I. Computing Platforms
- Lowest friction is always ideal
- Focused applications somewhat avoid ADHD fiddling
- Linux to embrace my privacy concerns, geekiness, and existing hardware. Linux distro of choice is Debian based, and the simplest path for me right now is Linux Mint.
- Mac for creative projects due to existing hardware and financial investment, while researching other options. At this point my video production relies on Final Cut Pro.
- iOS for mobile because I feel it’s more secure than stock Android, and I have new hardware
II. Sharing Platforms
- Meta is absolutely untrustworthy but unfortunately embraced by too many. I maintain an account, though my activity has been drastically reduced. Meta products like Facebook and Instagram shall always be used in a container and through a VPN. “Shallow” personal data only. Access limited to once a day. No promotion of creativity on Meta products. Bring the audience to you through more trusted channels.
- “Deeper” personal data is mine and mine alone. No ad supported platforms allowed. Google Drive, Google Photos absolute no deal. iCloud is mostly untrustworthy and my remaining trust is declining.
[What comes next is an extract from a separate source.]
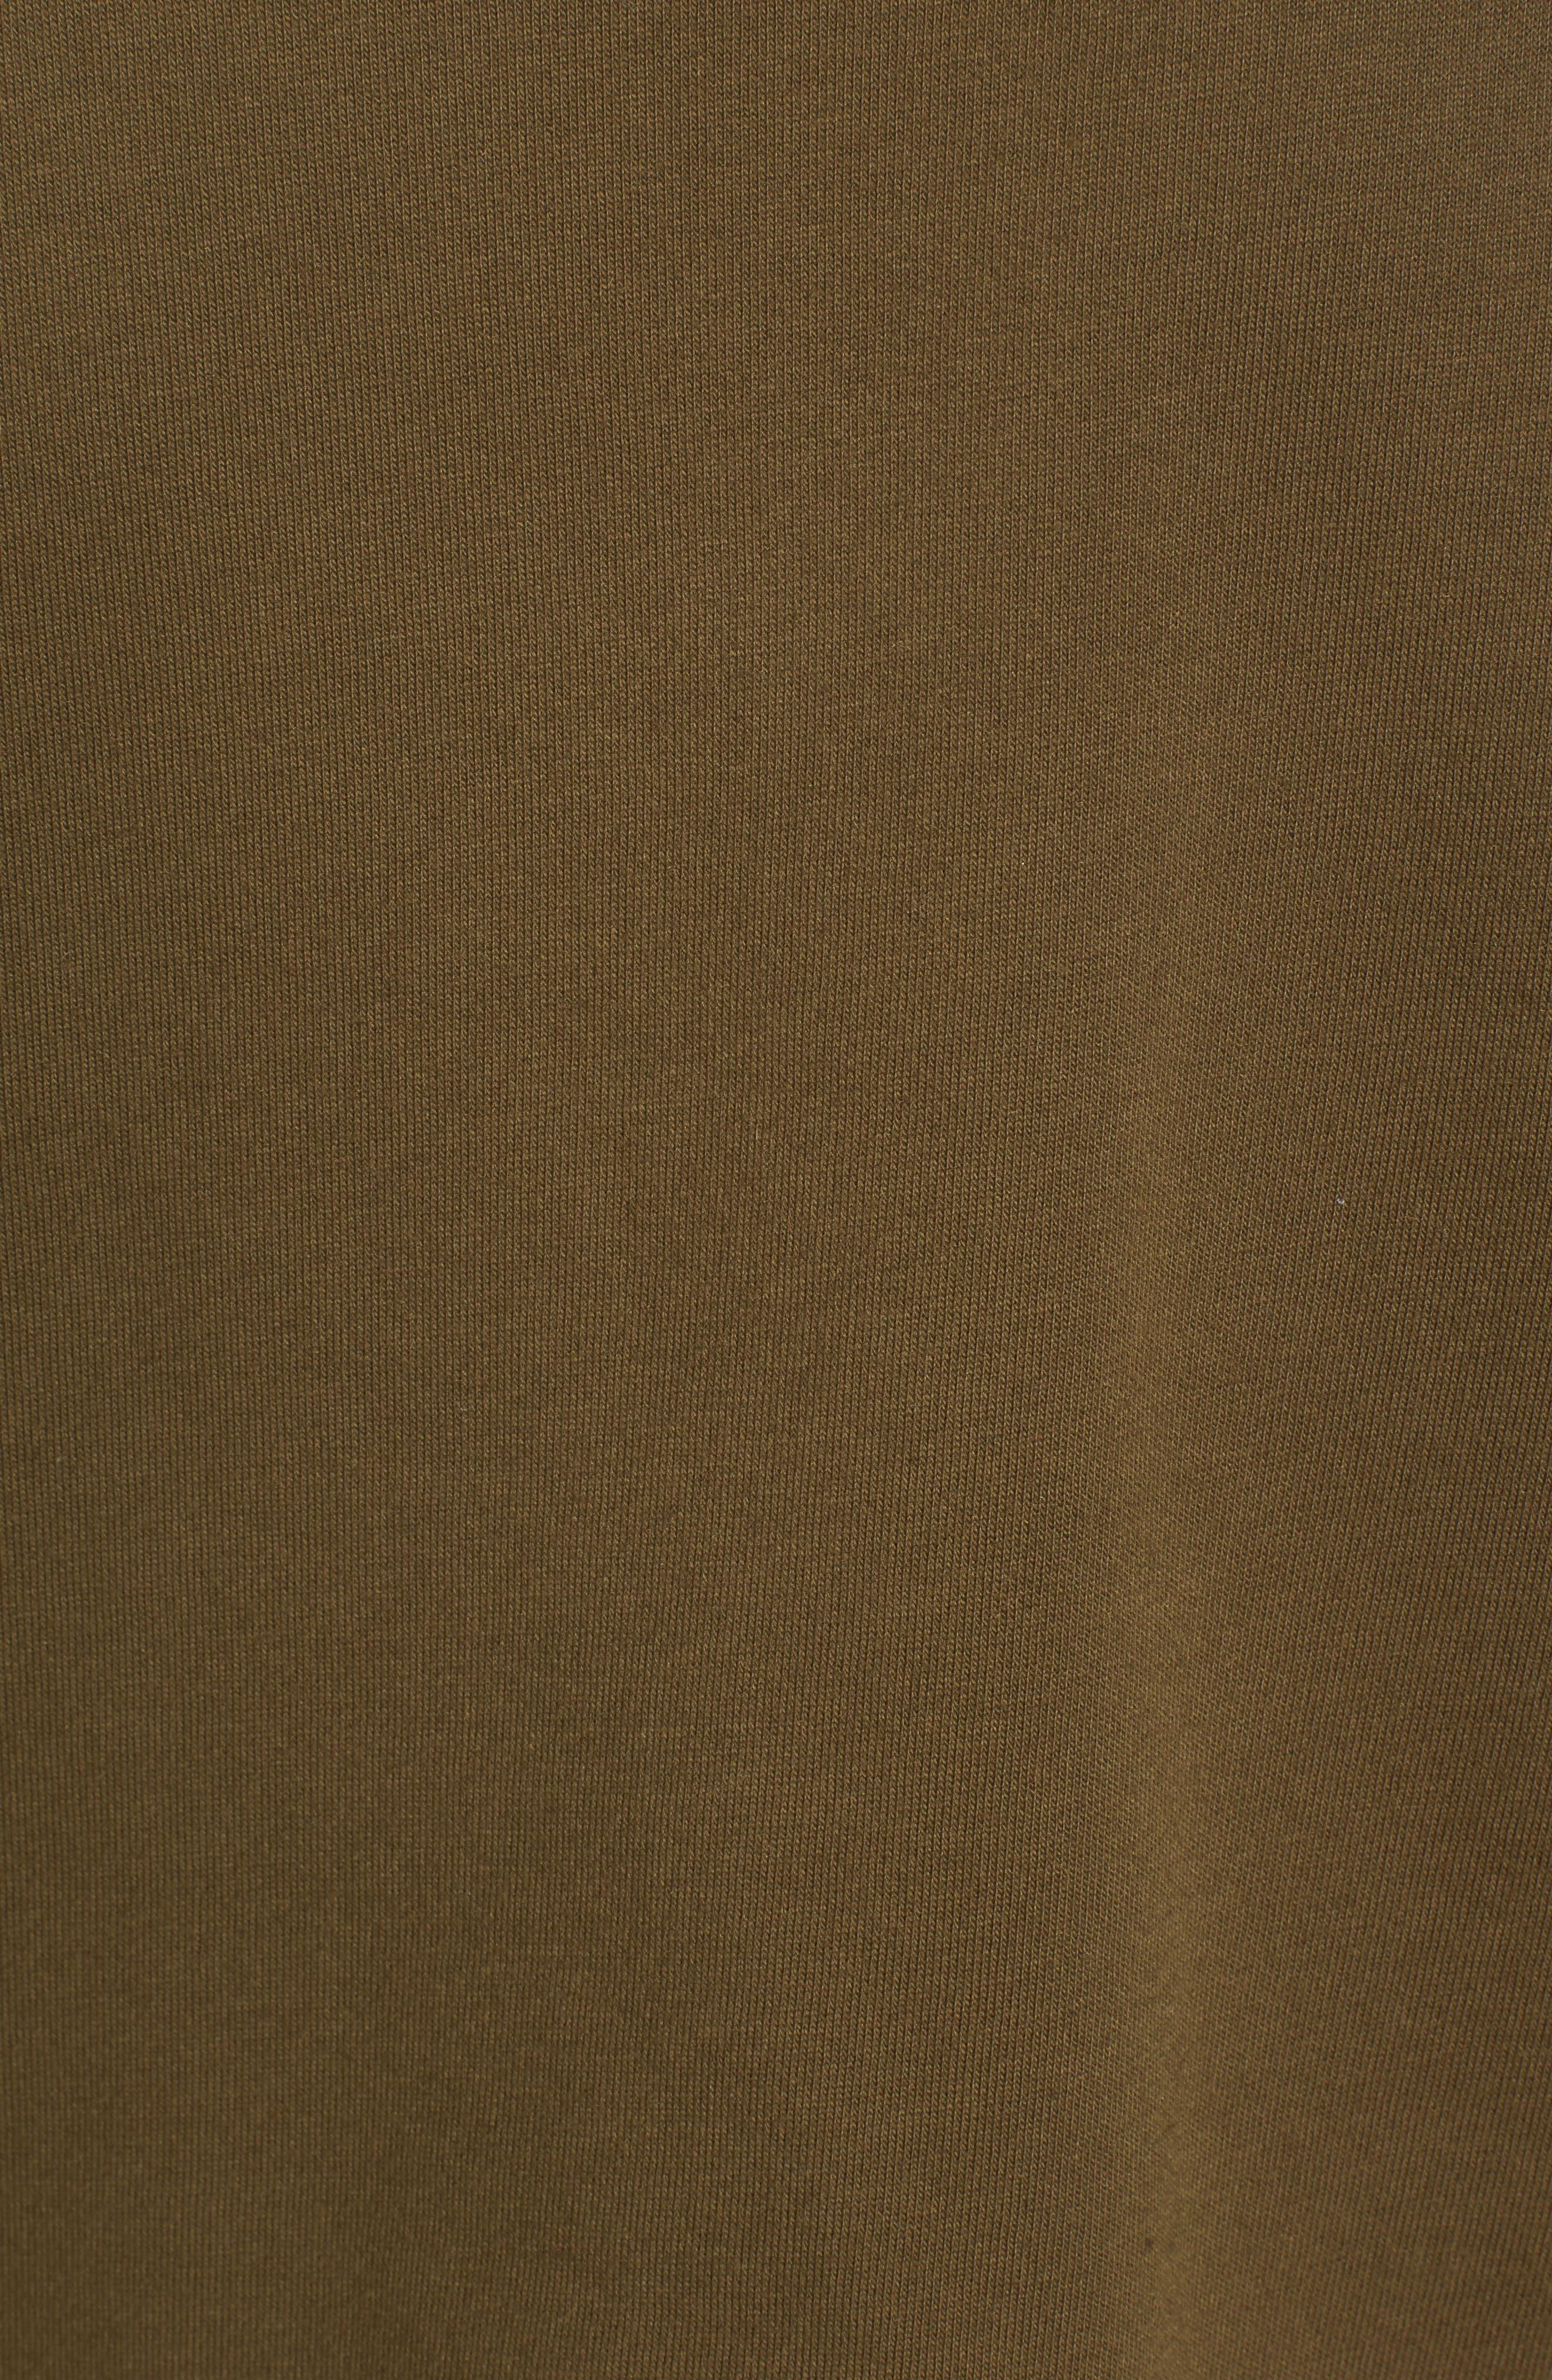 Pleat Sleeve Sweater,                             Alternate thumbnail 5, color,                             Olive Dark

Anything that is in a corporate cloud will probably have an open backdoor or backend by the end of 2025.
- Twitter is absolutely untrustworthy and is in the same bucket as “truth social”. No use.
- WordPress and Automattic are untrustworthy. Leadership is too unstable. Need to move away from this platform.
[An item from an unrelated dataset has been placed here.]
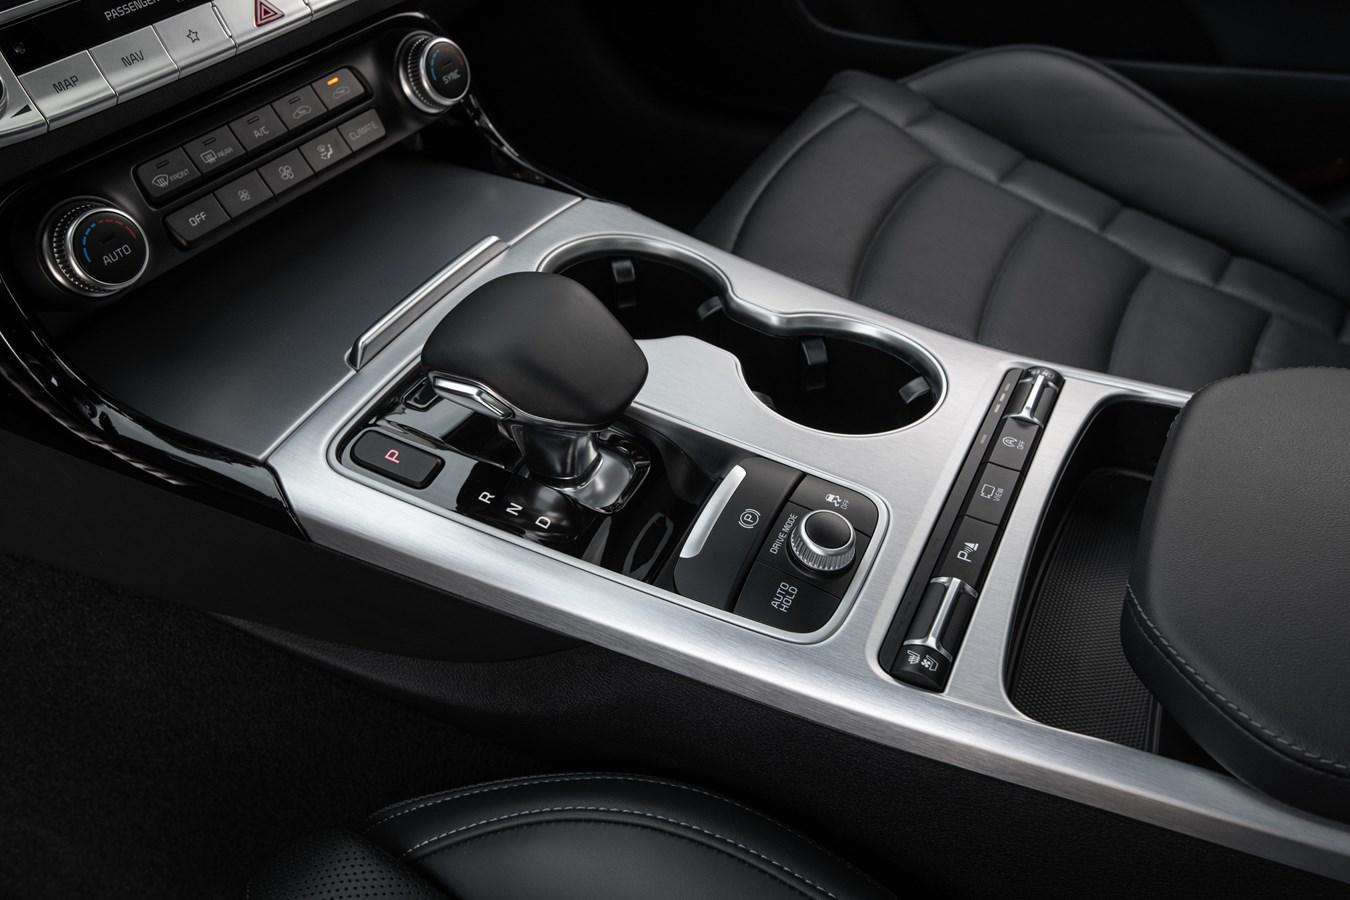 2022 Stinger GT center console gear selector

- Bluesky is there for some things, especially aviation and storm chasing. Monetary contributions indicate a for-profit status probably in the future
- Mastodon is there for most things. The community is strong and I enjoy maintaining my own instance, as well as pushing blog posts to the Fediverse.
- Instagram is part of Meta and falls into the same privacy/data mining/etc concern.
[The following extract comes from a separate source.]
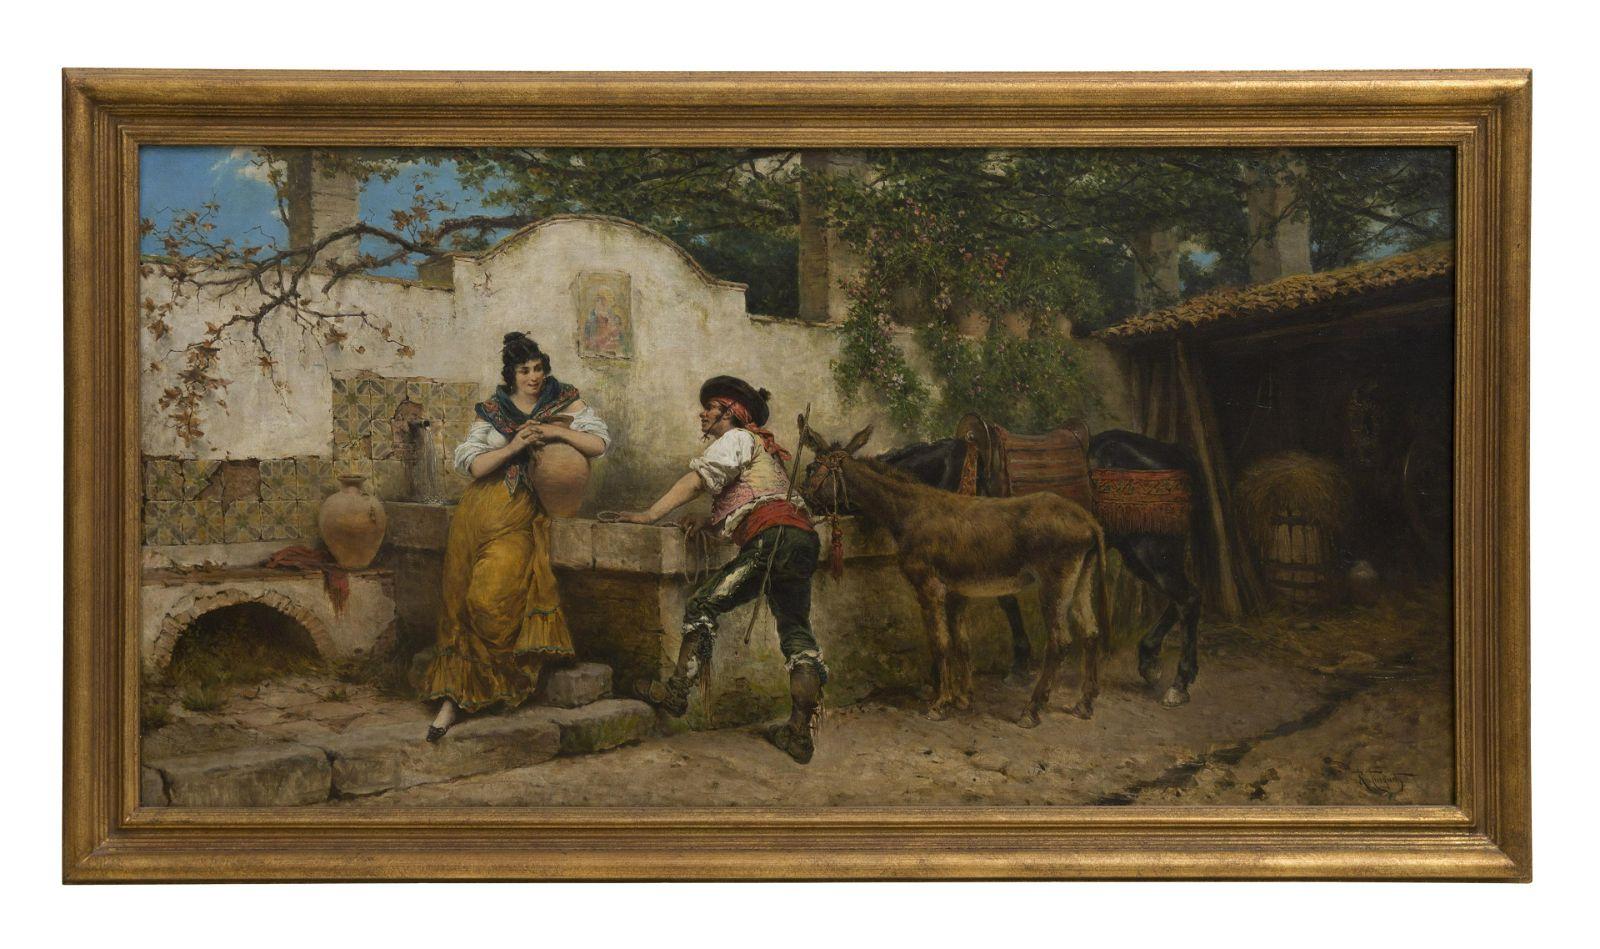 Ramon Tusquets Y Maignon (1839-1904) Oil (Spain, Italy)

- Pixelfed is there for most things, though friction is rather high. I’m not pleased with the iOS app at all, opting for Impressia instead. Leadership and the developer of the official Pixelfed client is moderately unstable. Not overly impressed. Just sharing this content on my blog is probably the best way to go.
- YouTube is used for creative output, minimal scholarly consumption, and mindless consumption. It’s Google. Watch Google very, very carefully. Implement plugins to eliminate the cruft.
- ActivityPub wherever possible. Fediverse wherever possible.
- Need to reseach PeerTube
III. Trusted Companies
- Apple is deemed trustworthy to a point, however, it is falling fairly fast on my trust scale. To be fair, Apple, appears to be more trustworthy than the rest of FAANG (Facebook, Apple, Amazon, Netflix, Google)
- OmniGroup is deemed trusted, but use friction is high and fiddly and data is proprietary locked to a platform. Plus, no Windows client for mandatory Windows 11 work computer. Web interface is lacking critical features. Out of the running.
- Same with CulturedCode and Things. Proprietary locked.
- Obsidian is deemed trusted, available on all platforms. Sync seems solid and mostly safe.
- Bitwarden is deemed trusted, available on all platforms. Sync seems solid and mostly safe.
- Not pleased with Proton’s stance around the Trump administration, looking at other options like Fastmail for email, in concert with self hosting.
- Mullvad seems to be good on most fronts for VPN.
IV. File Storage
- Personal data in stored locally and backed up separately on a nightly basis
- Personal data is backed up locally
- iCloud is for cautious use. Minimal personal data.
- Dropbox is being weeded out of my personal ecosystem, down to a handful of bash scripts
- Dropbox is sandboxed to one internal server in the house and one laptop
- Google Drive is not trusted for use on any machine
- Local NAS solutions are optimal. The WD PR4100s have been bumped up to 16GB RAM
V. Recap
- I’m taking a “must be accessible from the terminal” approach to all of my data
- Proprietary lock-in is avoided, including less than full functionality web interfaces for the data
- End-to-end encryption wherever possible
These are just a few points of where my head is at with my personal computing habits. The rest of the family is mostly on Macs and iOS/iPadOS devices, and compatibility across the board is important. I have no expectations that anyone in the house will move to Linux and that’s fine. I’m comfortable enough with Apple to not fret about it at this time.